A Leaven In The World… The Other Side Of #MeToo

By FR. KEVIN M. CUSICK

“Believe Women” says a full page ad in the Wall Street Journal.

The accuser Christine Ford and the accused Brett Kavanaugh had both been heard in a historic hearing on Capitol Hill viewed by millions of Americans the Thursday previous to when this column was written. Both witnesses were emotionally compelling, but she had a very loose relationship either with the truth or with her own memories.

Victims are very sympathetic characters. No one with a modicum of compassion wants to victimize a sexual assault victim a second time by lacking a sympathetic response. All victims need to be heard when they choose to speak out.
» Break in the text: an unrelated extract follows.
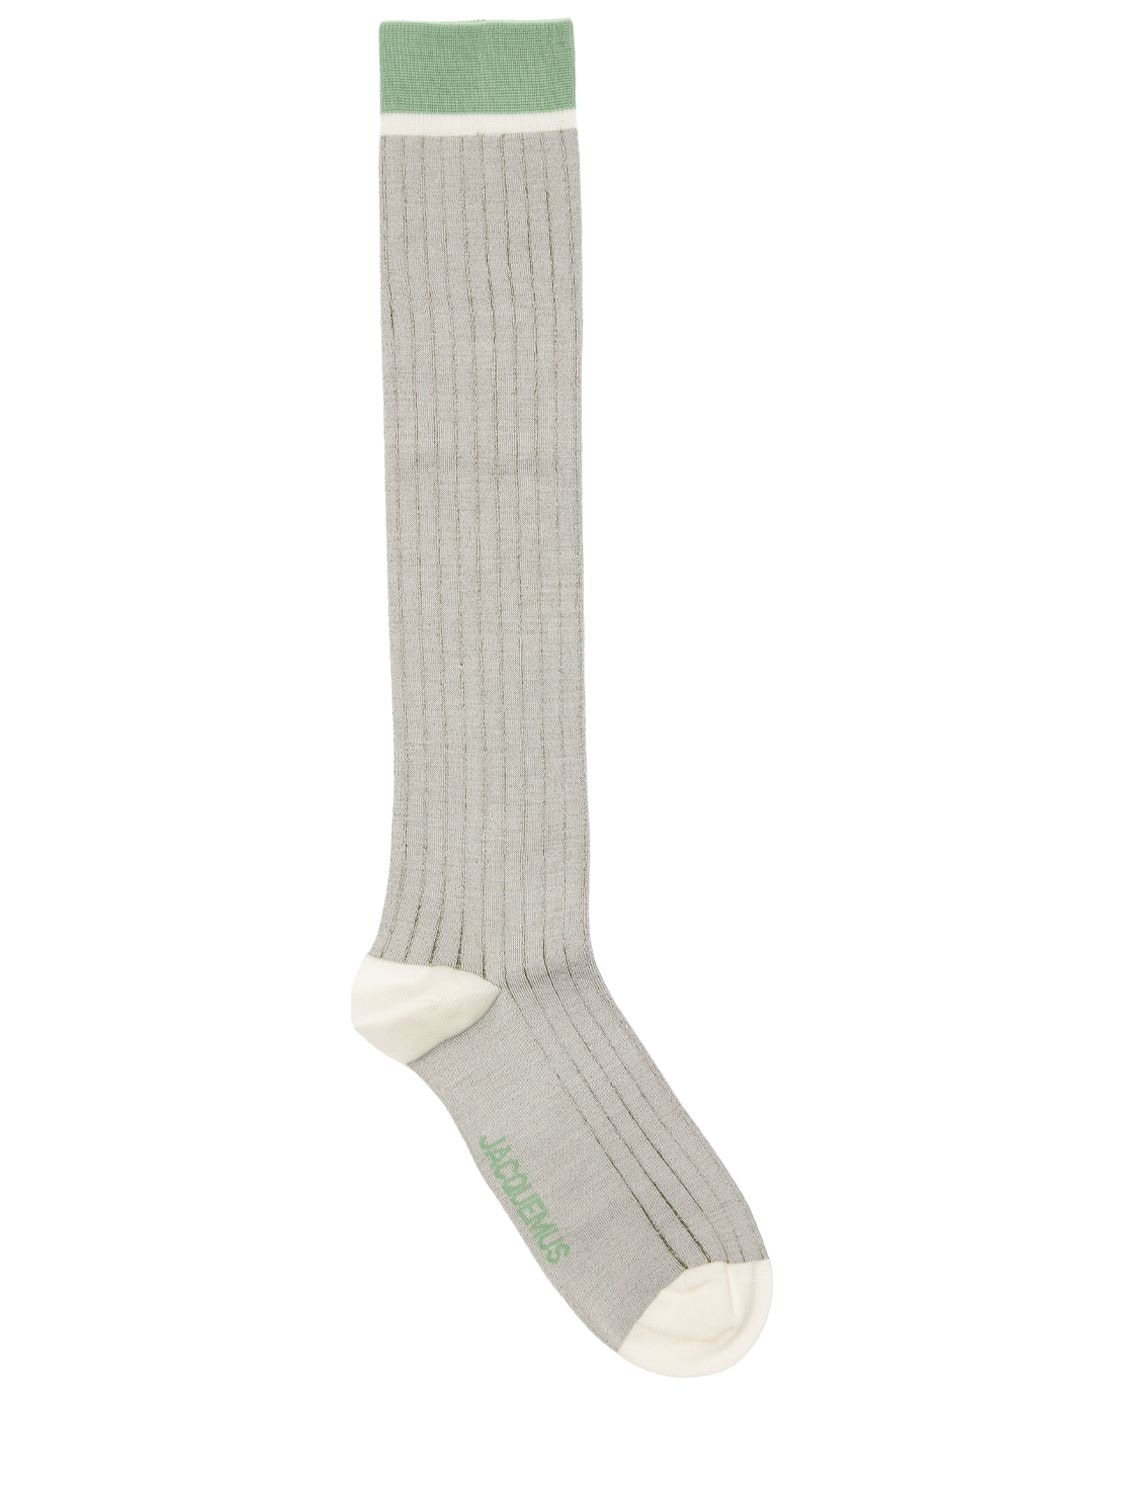 Les Chaussettes Montagne Logo Socks

Many of us, however, seem erroneously to confuse compassion with believing absolutely everything a victim says. I have met with many wounded people in my work as a priest and chaplain. What was always clear to me was the distinction between my compassion due to all of them as persons balanced with a sober analysis of the veracity of their words.
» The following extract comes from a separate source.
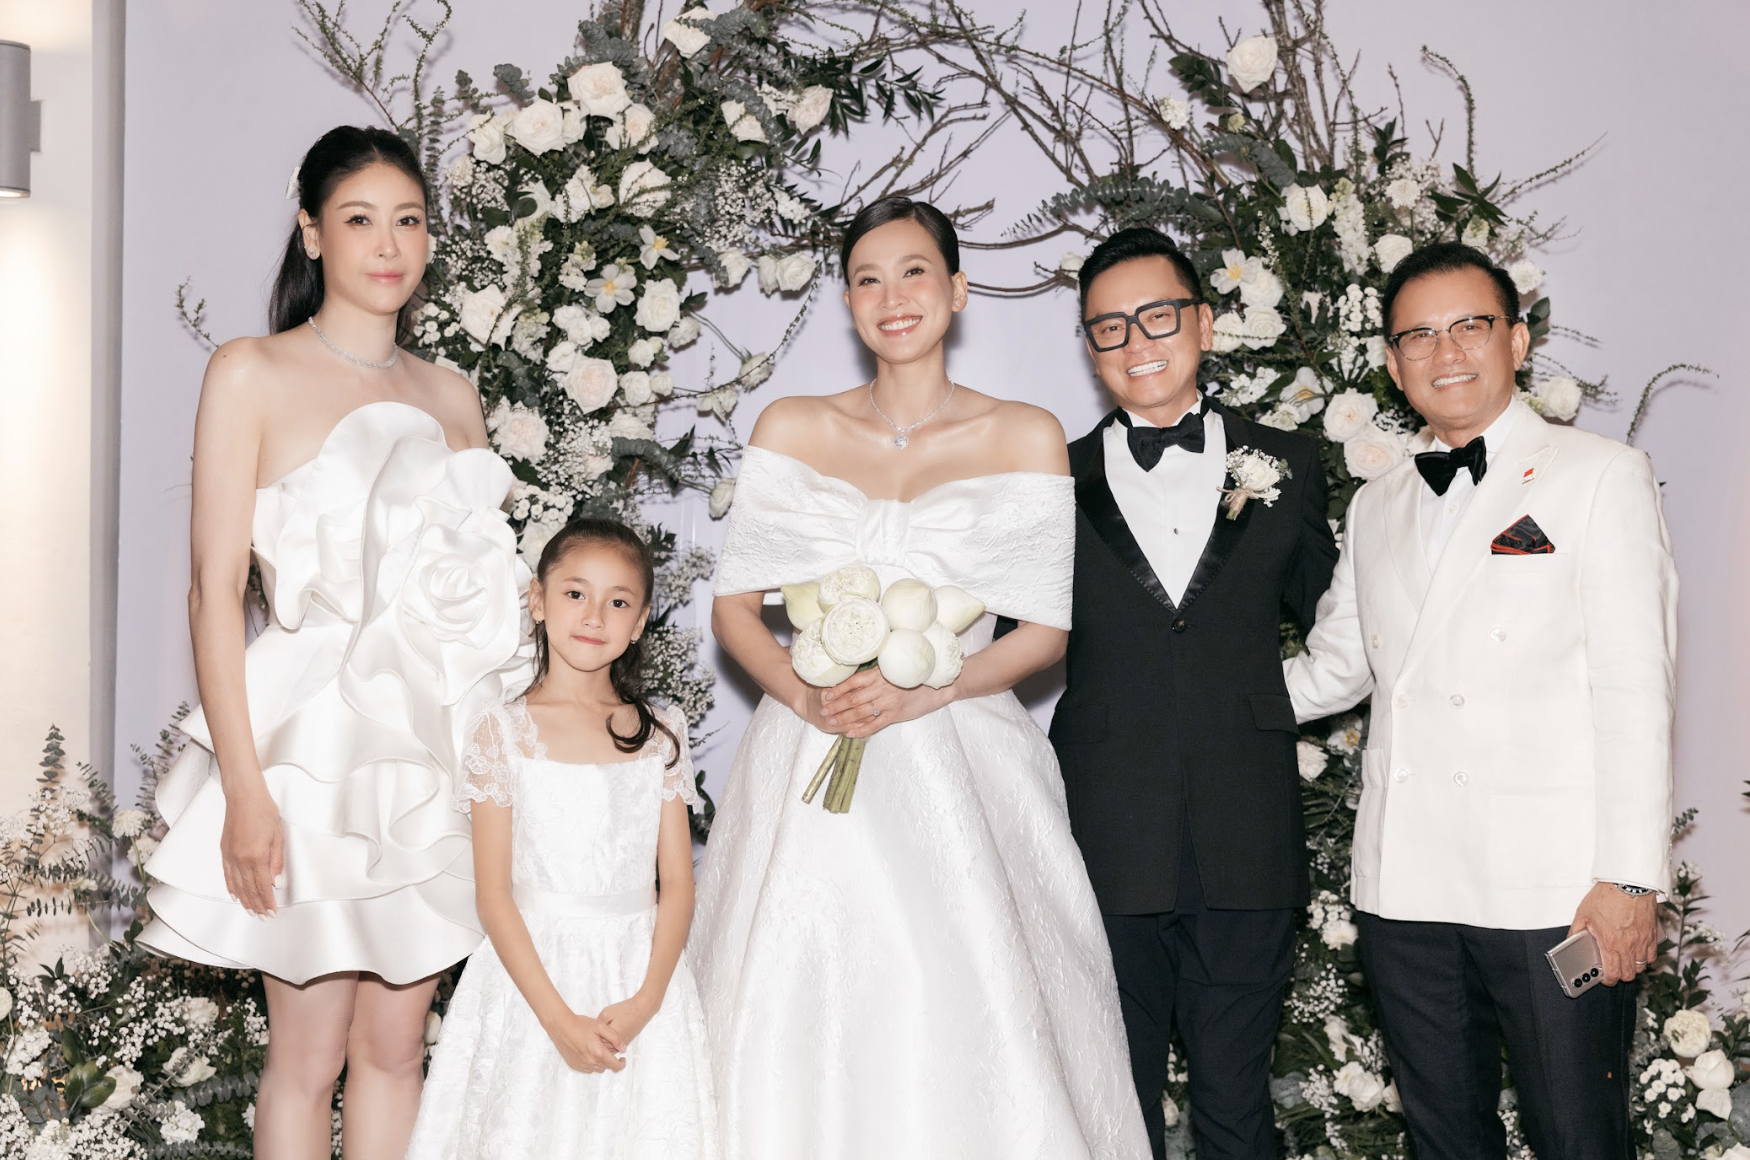 Đám cưới của Dương Mỹ Linh: Chỉ khoảng 60 khách mời, Hoa hậu Hà Kiều Anh cùng dàn sao tham dự - Ảnh 3.

Very little was precise in Ford’s testimony except the fact that she was 100 percent certain Kavanaugh was her attacker. Her case broke down upon further examination because the few facts she did remember changed as necessary in order to make her accusation stick. But she didn’t need to tell the truth to do damage. The objective was to stop Kavanaugh as one battle in the larger war against a sitting president. In our current national blood sport of politics, all it takes to botch due process is to sully a Supreme Court nominee enough to give politicians cover to vote against him.

Roe v. Wade, a bad ruling held to be very fragile, is also at stake. This is another case of “Catholics need not apply.” Unlike many Catholics in public life, Kavanaugh holds for the authentic Church teaching on the sanctity of every human life, born and preborn. He cannot allow himself to get pulled into the abortion quagmire by commenting publicly on the issue. It might come before the Supreme Court and he cannot say how he would vote because justice is blind and all the facts of each case must be weighed.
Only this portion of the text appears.